The Reserve Bank of India (RBI) has introduced the scale-based regulation framework for the Non-Banking Financial Companies (NBFCs) and it aims to strengthen the financial stability and improve regulatory oversight. This updated norms bring bank-owned NBFCs under the stricter supervision, revise exposure limits and allows the more frequent reviews of the threshold for upper-layer NBFCs. This reforms are important as the NBFCs continue to plays the critical role in the credit delivery and economic growth.
What Is Scale-Based Regulation for NBFCs?
Scale-Based Regulation (SBR) is the RBI’s framework for regulating the NBFCs as per their size, complexity, interconnectedness and risk profile.
Instead of applying the identical regulations to all the NBFCs, the framework categorizes them into different layers,
- Base Layer (NBFC-BL)
- Middle Layer (NBFC-ML)
- Upper Layer (NBFC-UL)
- Top Layer (NBFC-TL)
The objective is to impose the stricter regulatory requirements on the larger and systemically important NBFCs while maintaining the proportionate regulation for smaller entities.
Key Changes Announced by RBI
The latest revisions introduce the several important regulatory measures that are aimed at to strengthening governance and risk management.
More Frequent Review of Upper Layer Threshold
Earlier, the ₹1 lakh crore asset threshold used to identify the Upper Layer NBFCs was reviewed every five years.
Under the revised framework,
- The threshold will now be reviewed every three years.
- RBI can respond faster to the inflation, economic growth and emerging financial risks.
- Regulatory classification will also remain more aligned with market realities.
Stricter Oversight of Bank-Owned NBFCs
One of the most significant changes involves the NBFCs which belongs to banking groups.
Upper Layer Norms for All Bank-Led NBFCs
RBI has decided that the,
- All the bank-promoted NBFCs will be subject to Upper Layer regulatory norms.
- This applies regardless of their asset size.
- The only exemption relates to the listing requirements.
Bank-Like Regulations for Similar Activities
The central bank has also clarified that,
- NBFCs operating within the bank groups have to must comply with the regulations applicable to banks when carrying out similar business activities.
- This requirement applies directly irrespective of their regulatory classification.
The measure aims to prevent the regulatory arbitrage, where the similar financial activities operate under different levels of supervision.
Why RBI Is Tightening Regulation
The NBFC sector has become the major component of India’s financial system.
NBFCs provides the,
- Retail loans
- Vehicle financing
- Housing finance
- Infrastructure funding
Revised Large Exposure Framework
RBI has also modified the large exposure norms applicable to NBFCs.
What Are Large Exposure Limits?
Large exposure limits restrict the amount an the institution which can lend to a single borrower or group of the connected borrowers.
The purpose is to,
- Prevent the concentration risk
- Reduce the losses from a single default
- Also strengthen the overall financial resilience
Uniform Standards for Government-Owned NBFCs
A major change is the removal of the exemptions previously available to the government-owned NBFCs.
Under the revised framework,
- Government-owned NBFCs must now comply with the same exposure limits as other NBFCs.

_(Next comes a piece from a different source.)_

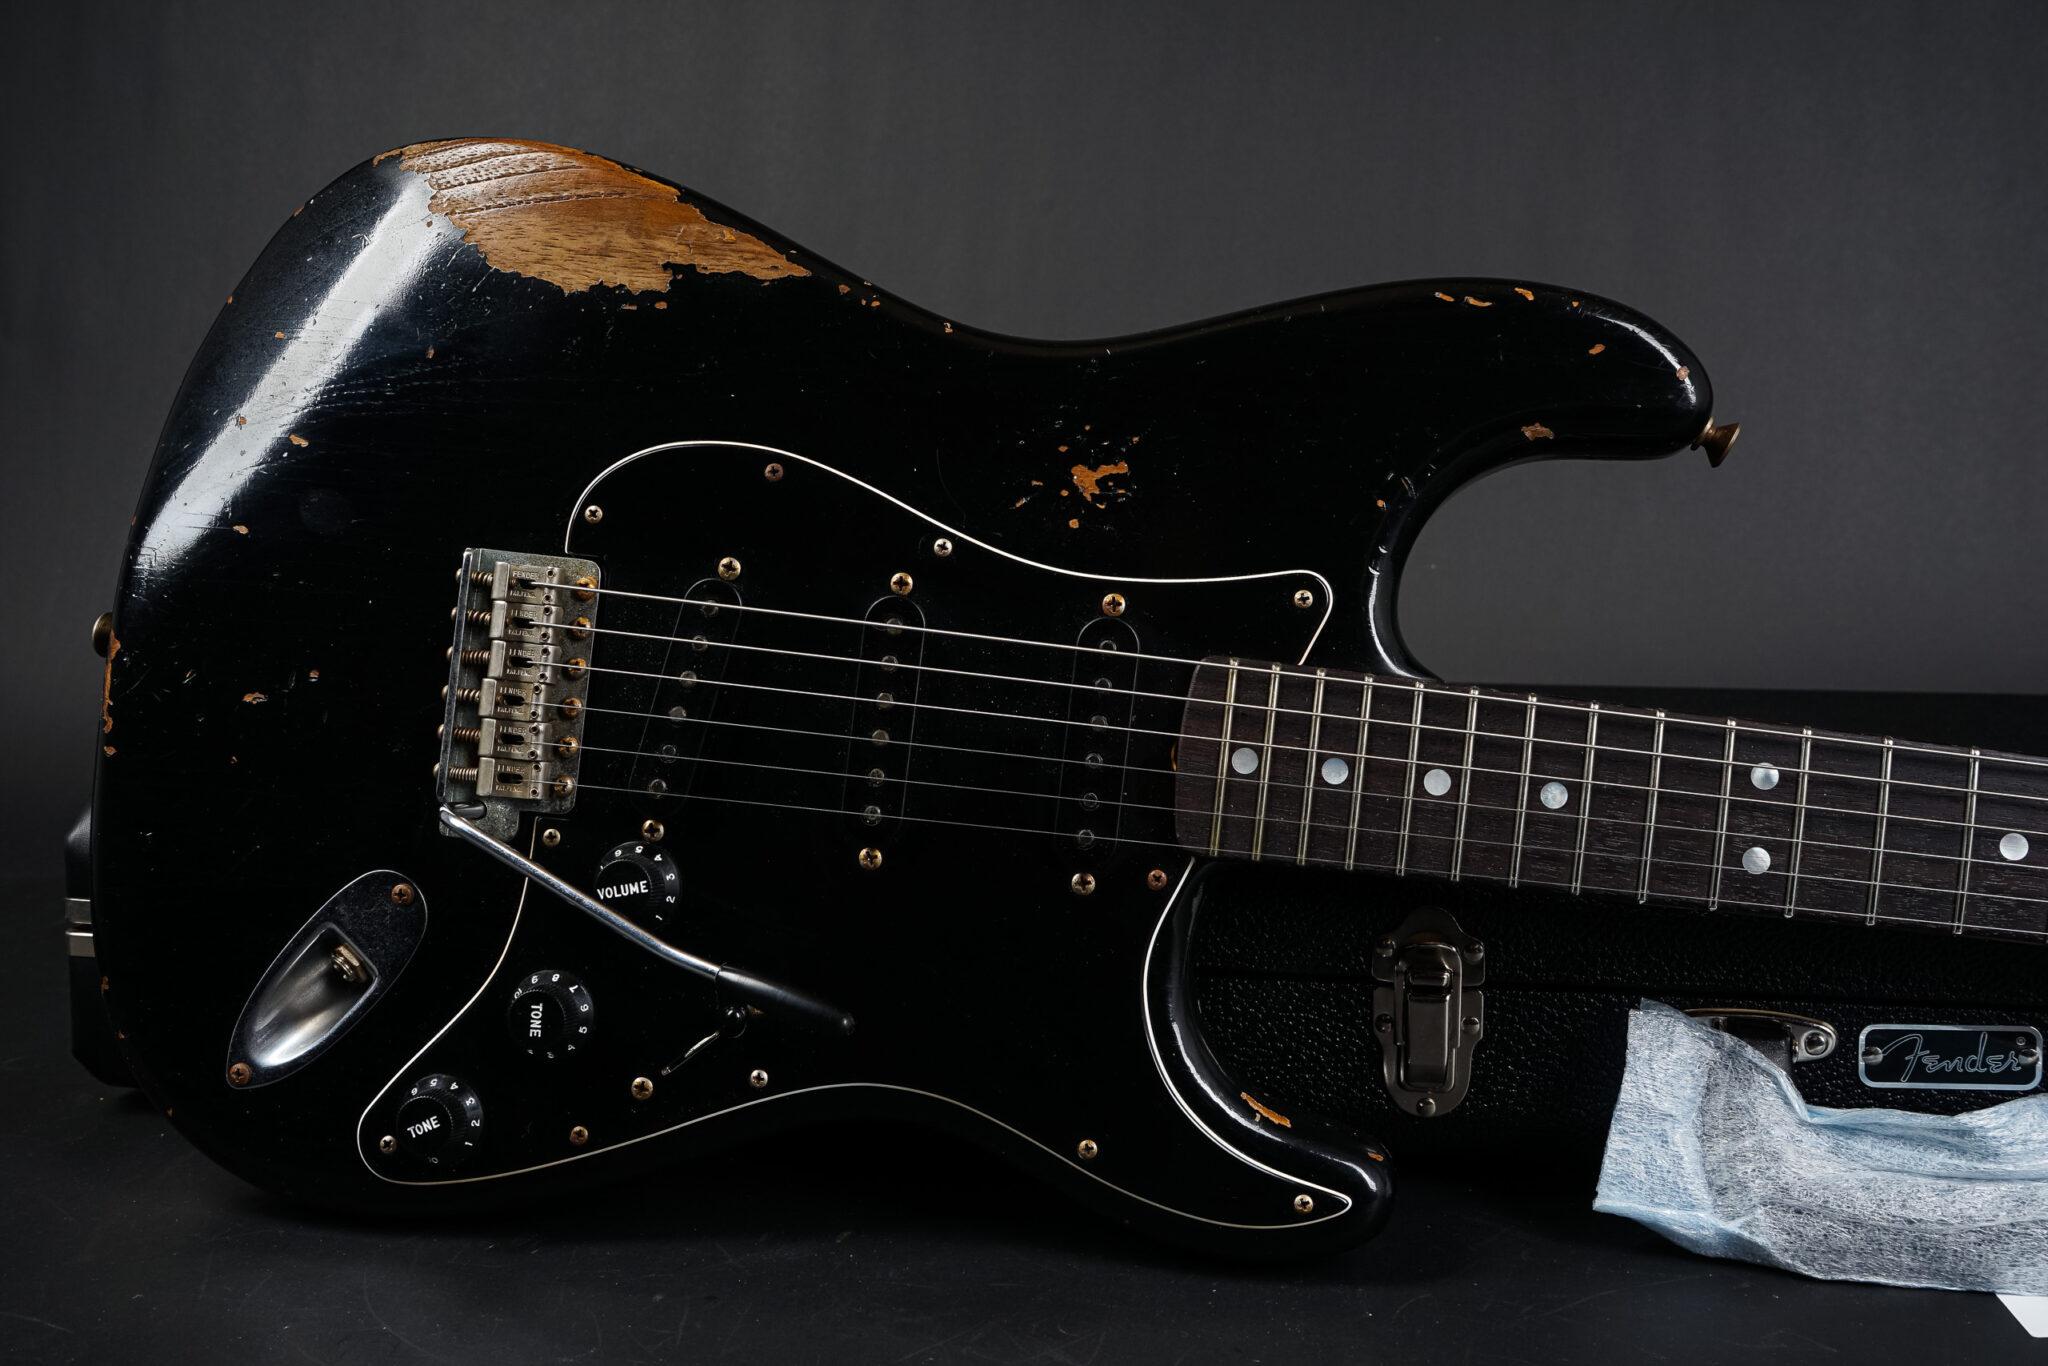 https://guitarpoint.de/app/uploads/products/2021-fender-carlos-lopez-masterbuilt-1967-stratocaster-black-cz551990/1967-Fender-Stratocaster-Black-MBCL-9-2048x1366.jpg

- Existing excess exposures may also continue until maturity.
- No fresh lending beyond the prescribed limits will be allowed.
This move promotes regulatory consistency across the sector.
Relief for Infrastructure Finance Companies
The RBI has simultaneously provided the greater flexibility to Infrastructure Finance Companies (IFCs).
Enhanced Exposure Limits
Infrastructure finance companies can now,
- Extend the exposure up to 45% of Tier 1 capital.
- Benefit from higher lending capacity for the infrastructure projects.